Cameron Young’s victory at The Players Championship will be remembered for the shots that held under pressure, the composure down the stretch, and the authority with which he closed. But beneath the surface of that performance sits a quieter, more revealing detail, one that speaks less to physical execution and more to mental architecture.
A Players Decision That Changed Everything

Young made a decision that most elite golfers resist. He gave up control of reading his own putts.
On paper, that sounds like a small adjustment. In practice, it is a fundamental shift in how decisions are made under pressure. Golf, particularly putting, is often framed as a test of touch and feel. But at its core, it is a test of commitment. The stroke itself is rarely the issue. The hesitation that precedes it is.
By delegating green reading to Kyle Sterbinsky, Young removed a layer of internal negotiation that plagues even the best players. There is no longer a moment over the ball where doubt can creep in and rewrite the plan. The decision has already been made. The line is chosen. The only remaining task is execution.

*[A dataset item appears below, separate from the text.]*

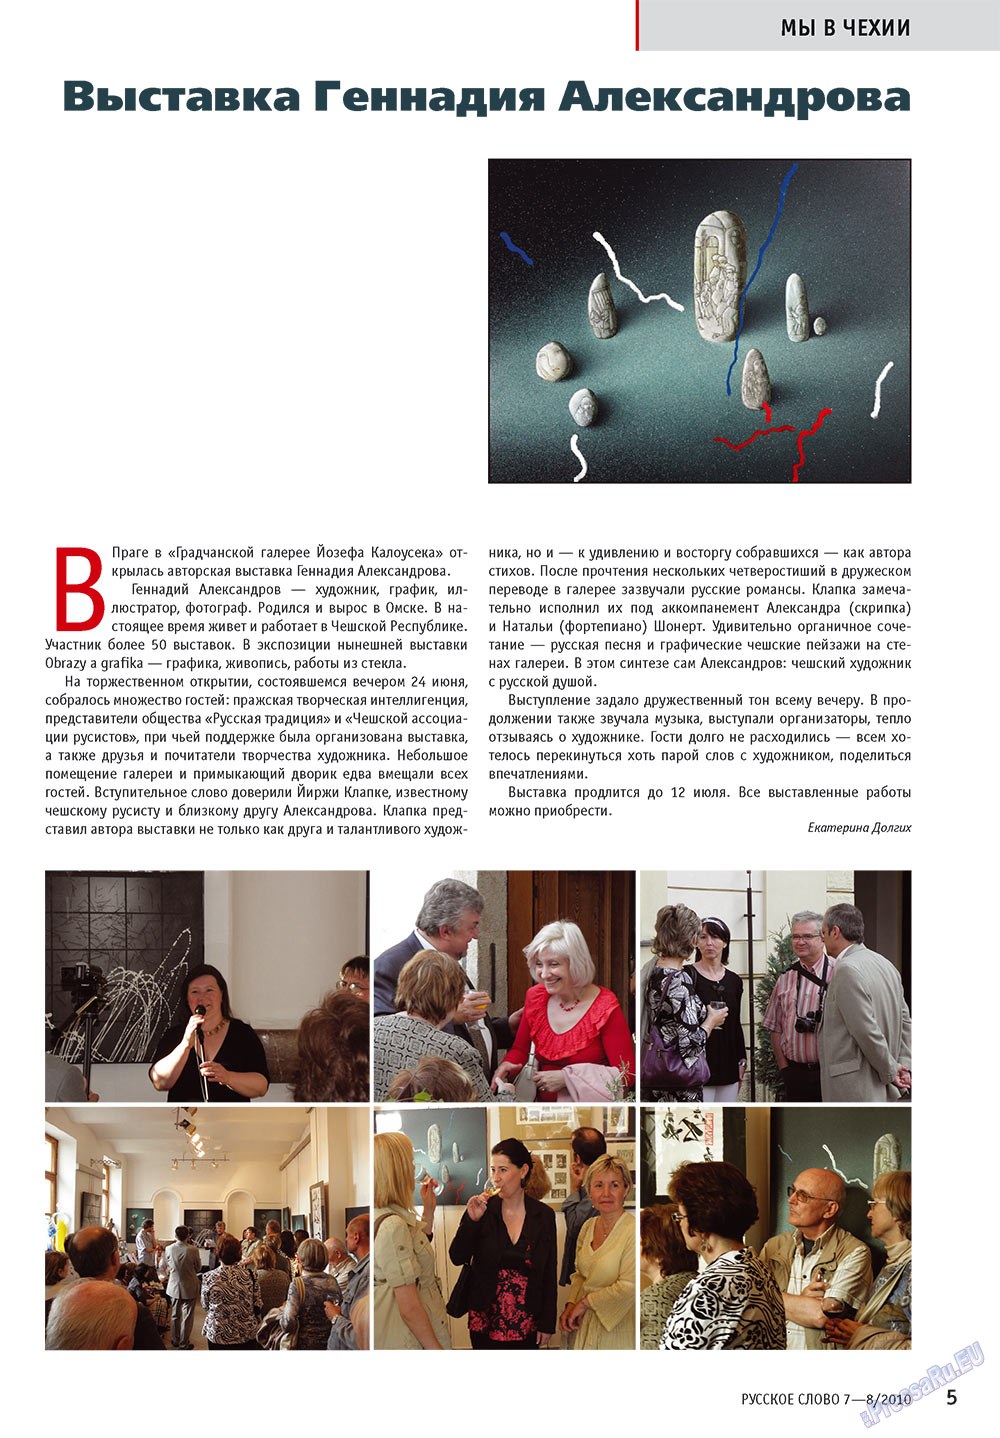 Русское слово, журнал. 2010 №7 стр.7

Eliminating the Moment of Doubt
That distinction matters more than it appears. Most golfers operate in a constant state of overload. They are reading the putt, calculating speed, thinking about mechanics, and anticipating the outcome, all within a few seconds. That mental traffic creates friction, and friction introduces doubt. When doubt enters, commitment leaves.
Young’s approach strips that process down to its essentials. It is not about whether Sterbinsky is a better green reader, though he may be. It is about clarity. One read, one decision, and no revision. The result is a cleaner mental state at the exact moment precision is required.
Why Thinking Less Wins More
His performance backs it up. Finishing seventh in Strokes Gained: Putting at a tournament like The Players is not accidental. It reflects a system that holds up when pressure peaks, when indecision would normally take over.
For the average golfer, the lesson is not to find a caddie to read every putt. It is to recognize where indecision enters the process and remove it. The tendency to second-guess is not a minor flaw; it is often the difference between a confident stroke and a tentative one.
Young’s strategy works because it eliminates that second guess entirely. It replaces uncertainty with trust, thereby simplifying one of golf’s most complex moments.
He did not just putt better that week. He thought less. And that, more than anything, is what made the difference.